Większość załogi ostrowieckiego MPK nie dostała w terminie wypłat. Pieniądze powinny wpłynąć na konta kierowców i innych pracowników fizycznych 10 września, ale tak się nie stało. Problem dotyczy 70 procent zatrudnionych. Reszta, czyli pracownicy administracyjni otrzymali pensje 1 dnia miesiąca.

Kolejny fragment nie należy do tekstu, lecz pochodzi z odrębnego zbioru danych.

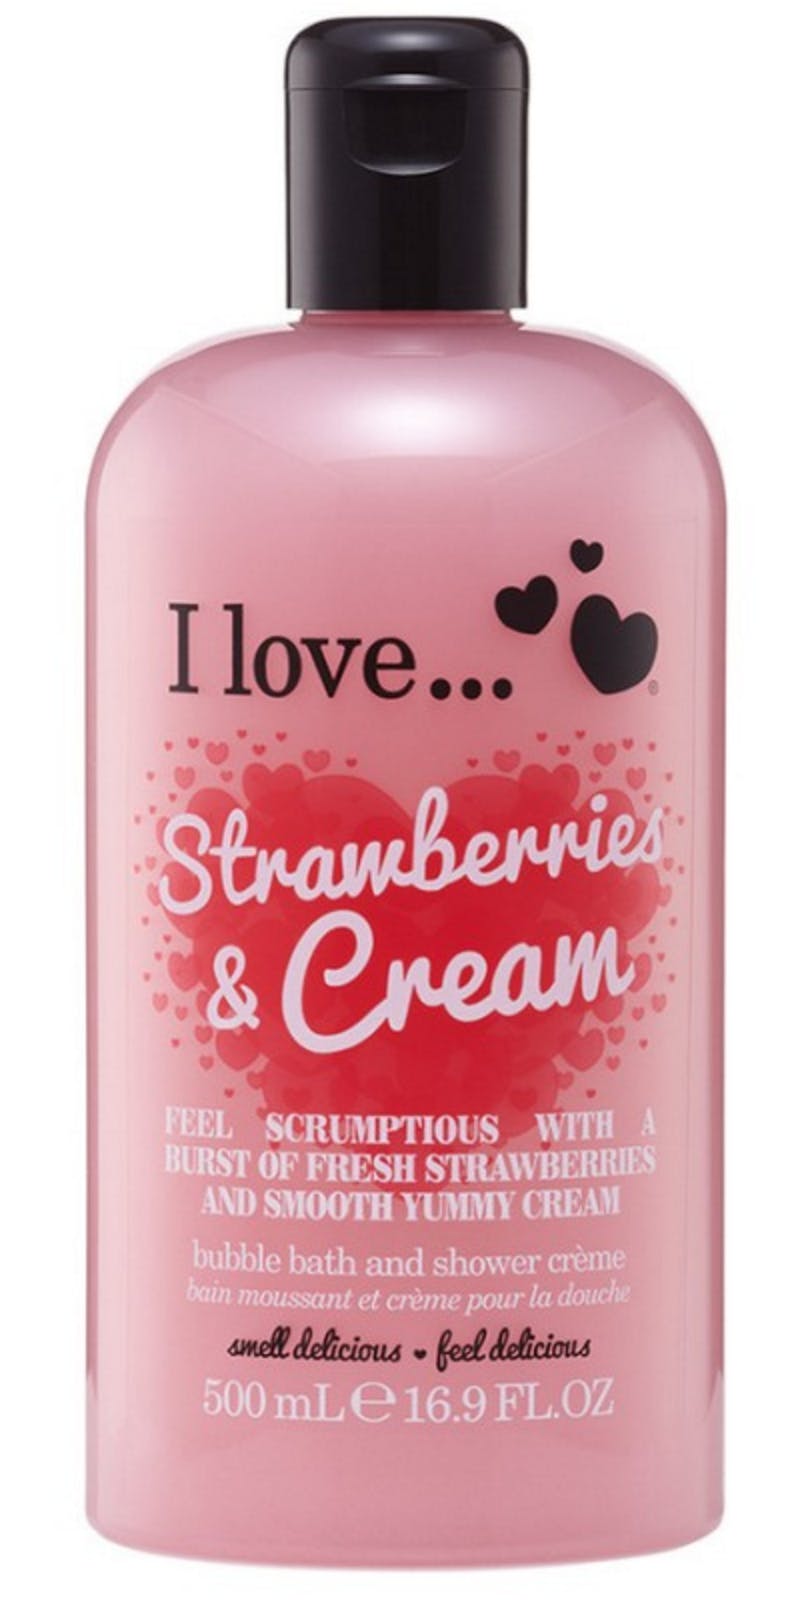 I Love Cosmetics Bath & Shower Creme Strawberries & Cream 500 ml

Związki zawodowe obwiniają za taki stan rzeczy władze miasta, które z początkiem roku szkolnego wprowadziły zmiany w systemie komunikacji miejskiej. Ustalono nowy przebieg linii i rozkłady jazdy, a przy okazji zmienił się sposób w jaki ratusz wypłaca przewoźnikowi dopłaty do biletów ulgowych.
Kwota nie jest już z góry ustalona, teraz zależy od liczby sprzedanych biletów. Tymczasem, według Tadeusza Relikowskiego, szefa zakładowej „Solidarności”, z powodu krótkiego terminu wprowadzenia zmian, spadły wpływy z biletów miesięcznych. Pasażerowie czekają z ich zakupem na unormowanie się sytuacji.
Prezes spółki, Marianna Bednarska zapowiada, że spóźnione pensje powinny zostać wypłacone 22 września. Firma musi wcześniej uiścić inne należności, np. za paliwo. Przyznaje przy tym, że w poprzednim systemie można było zaplanować wydatki, a teraz finanse firmy są zachwiane.
Nikt z zarządu firmy nie chciał też zadeklarować, że problem z wypłatami nie powtórzy się za miesiąc.